Publie le giovedì 11 novembre 2004 par Open-Publishingdi John Pilger da The New Statesman
L’"americanismo" ha significato democrazia all’interno e guerra per la democrazia fuori. Dal Guatemala all’Iran, dal Cile al Nicaragua, alla lotta per la libertà in Sud Africa, fino al Venezuela dei giorni nostri, il terrorismo dello stato americano ha combattuto le forze democratiche e aiutato i totalitarismi. La maggior parte delle società, attaccate e sovvertite dalla potenza americana, è debole e indifesa. Un piccolo stato che si libera e istituisce una propria politica di sviluppo rappresenterebbe un ottimo esempio per il mondo, ma una minaccia per Washington.
Negli ultimi giorni della campagna presidenziale, negli Stati Uniti si respira un’aria surreale. Secondo uno scienziato che ho incontrato, a suo tempo fuggito dall’Europa dominata dal nazismo, se vincerà George W. Bush l’America si arrenderà ai numerosi simboli democratici e cederà ai suoi impulsi totalitari. Se invece vincerà John Kerry, secondo la maggior parte degli elettori democratici, il suo unico mandato sarà quello di non essere Bush.

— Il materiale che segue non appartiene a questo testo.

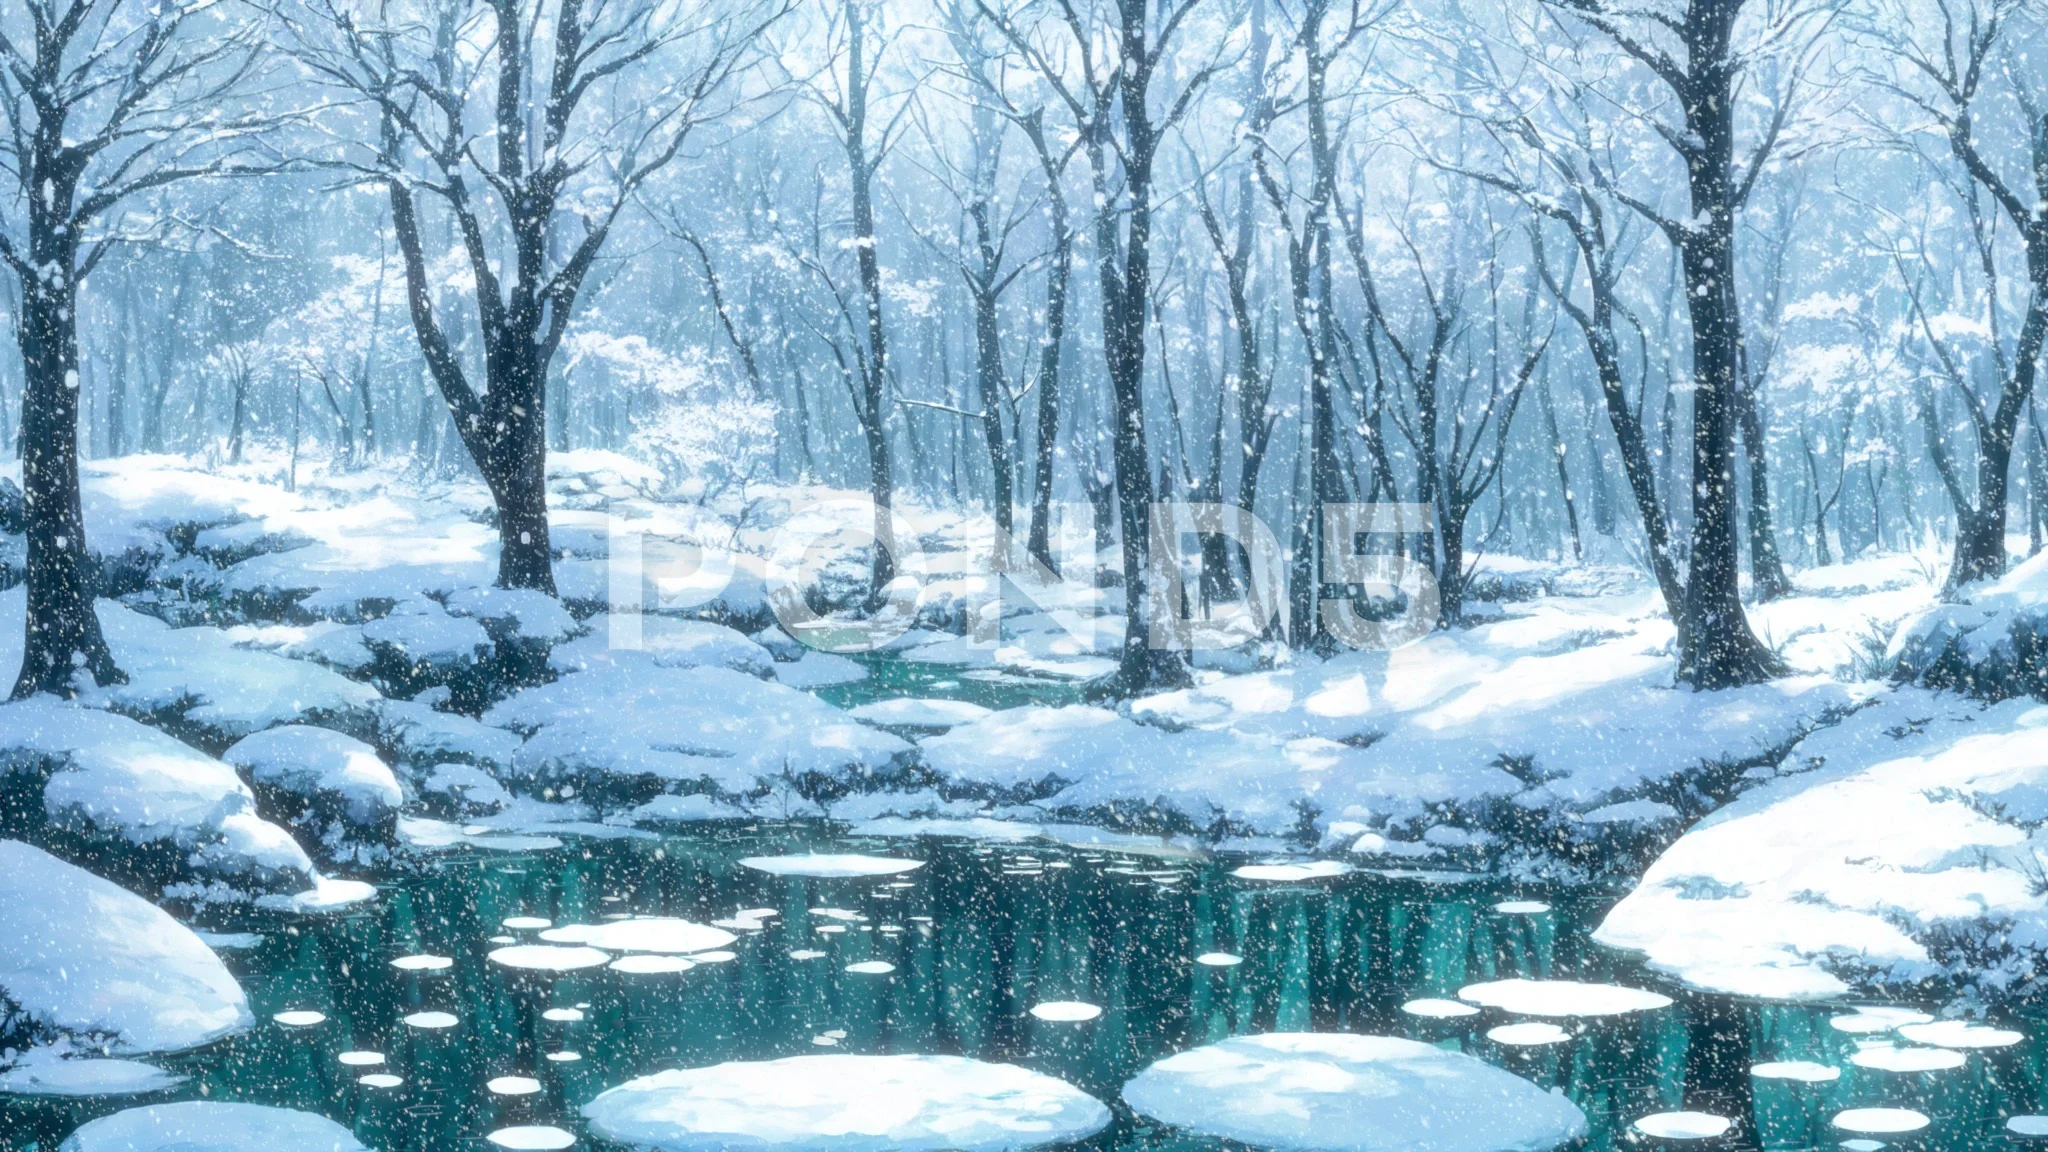 Anime Background Art on Twitter Winter Snow Nisekoi  httpstcoTTdraeTbPd  Twitter

E’ la prima volta che un numero così grande di mani liberali si stringe intorno a un candidato le cui affermazioni più significative cercano di far uscire allo scoperto Bush. Prendiamo l’Iran. Susan Rice, uno dei consiglieri di Kerry sulla sicurezza nazionale, ha accusato Bush di “restare in disparte mentre l’Iran continua a portare avanti il suo programma nucleare”. Non c’è un briciolo di prova che l’Iran stia effettivamente preparando armi nucleari, ma Kerry si unisce alla stessa concertata pazzia che ha portato all’invasione dell’Iraq. Inoltre, dopo aver iniziato la sua campagna promettendo altre 40.000 truppe per l’Iraq, ora si dice che abbia “un piano segreto per concludere la guerra” che punta al ritiro in 4 anni. Questo ricorda Richard Nixon che, nella campagna presidenziale del 1968, promise un “piano segreto” per porre fine alla guerra del Vietnam. Una volta in carica, accelerò il massacro e la guerra si trascinò per altri sei anni e mezzo. Per Kerry, come per Nixon, il messaggio vuol trasmettere alla gente l’idea che Kerry non sia un buono a nulla. Non c’è nulla né nella campagna né nella carriera che suggerisca che Kerry non continuerà, o perfino intensificherà, la “guerra del terrore”, ora santificata come la crociata dell’americanismo, come accadde per quella contro il comunismo. Nessun presidente democratico si è sottratto a questo compito: John Kennedy rispetto alla guerra fredda, Lyndon Johnson rispetto al Vietnam.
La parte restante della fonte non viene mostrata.